If you pass ids along with documents, then ids will be used, but if you do not pass ids, it will be created based page_content using md5 hash function.
Basically, upsert and upsert_parallel methods do upsert not insert, based on id of the item.
So if you provided id and want to update data, you must provide the same id that you provided at first upsertion.
We will upsert data to collection, langchain_opentutorial , with upsert method for the first half, and with upsert_parallel for the second half.

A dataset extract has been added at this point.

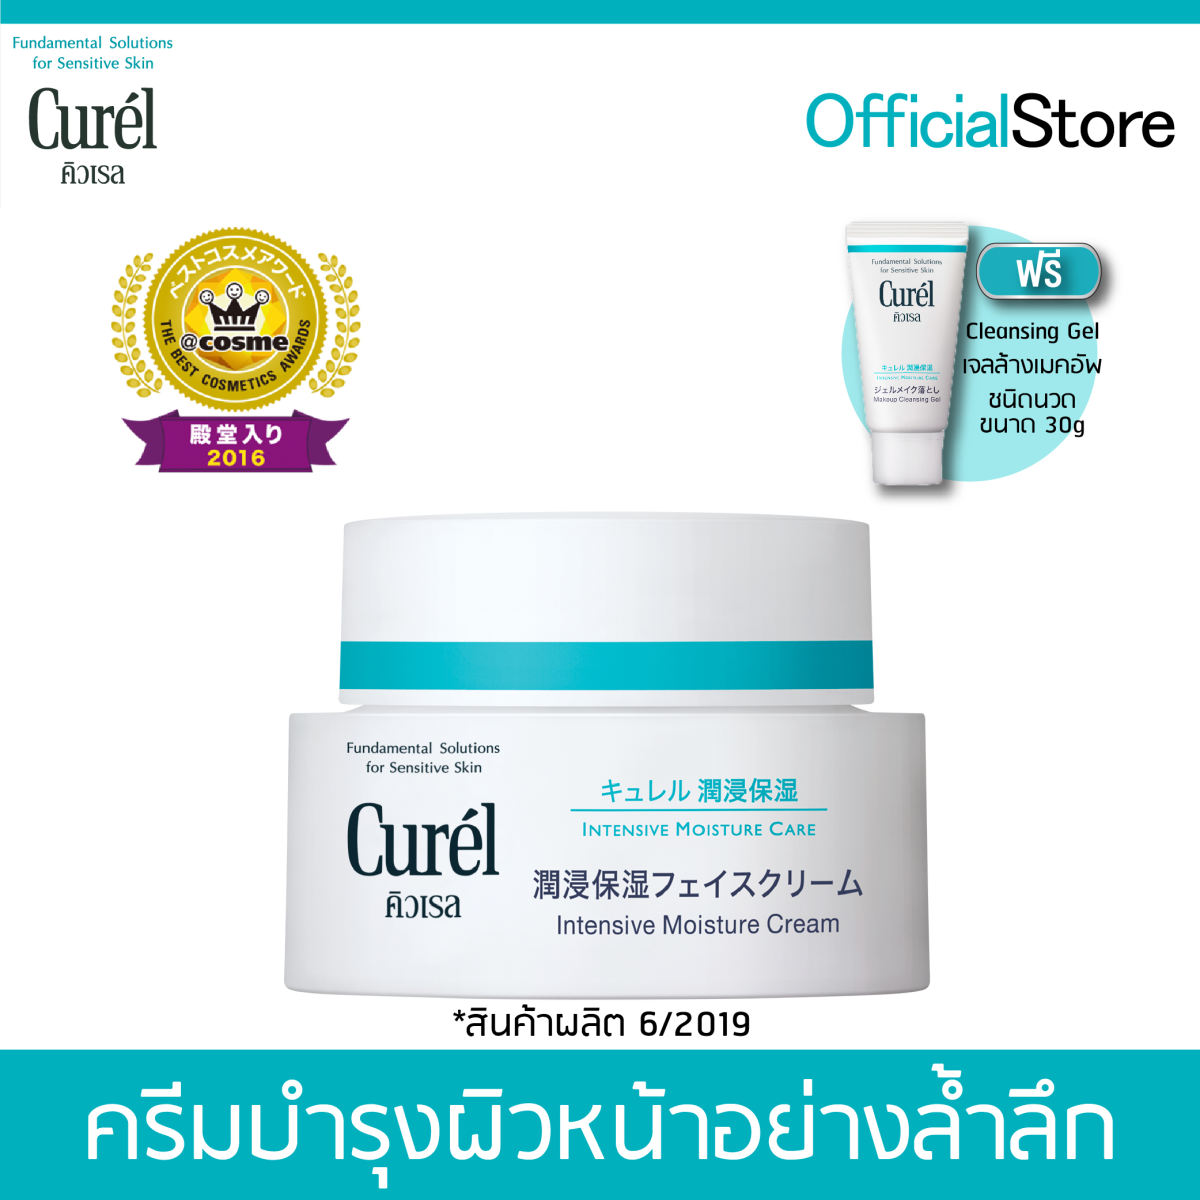 Curel INTENSIVE MOISTURE CARE Intensive Moisture Cream 40g free Curel INTENSIVE MOISTURE CARE Makeup Cleansing Gel 30g

# Gather uuids, texts, metadatas
uuids = [doc.metadata["id"] for doc in processed_docs]
texts = [doc.page_content for doc in processed_docs]
metadatas = [doc.metadata for doc in processed_docs]
# Get total number of documents
total_number = len(processed_docs)
print("Number of documents:", total_number)
CPU times: user 1.79 s, sys: 82.9 ms, total: 1.88 s
Wall time: 4.96 s
result = upsert_result + upsert_parallel_result
# check number of ids upserted
print(len(result))
# check manual ids are the same as output ids
print("Manual Ids == Output Ids:", sorted(result) == sorted(uuids))
1359
Manual Ids == Output Ids: True
[ NOTE ]
As we have only one table, langchain_pg_embedding to store data, we have only one column cmetadata to store metadata for each document.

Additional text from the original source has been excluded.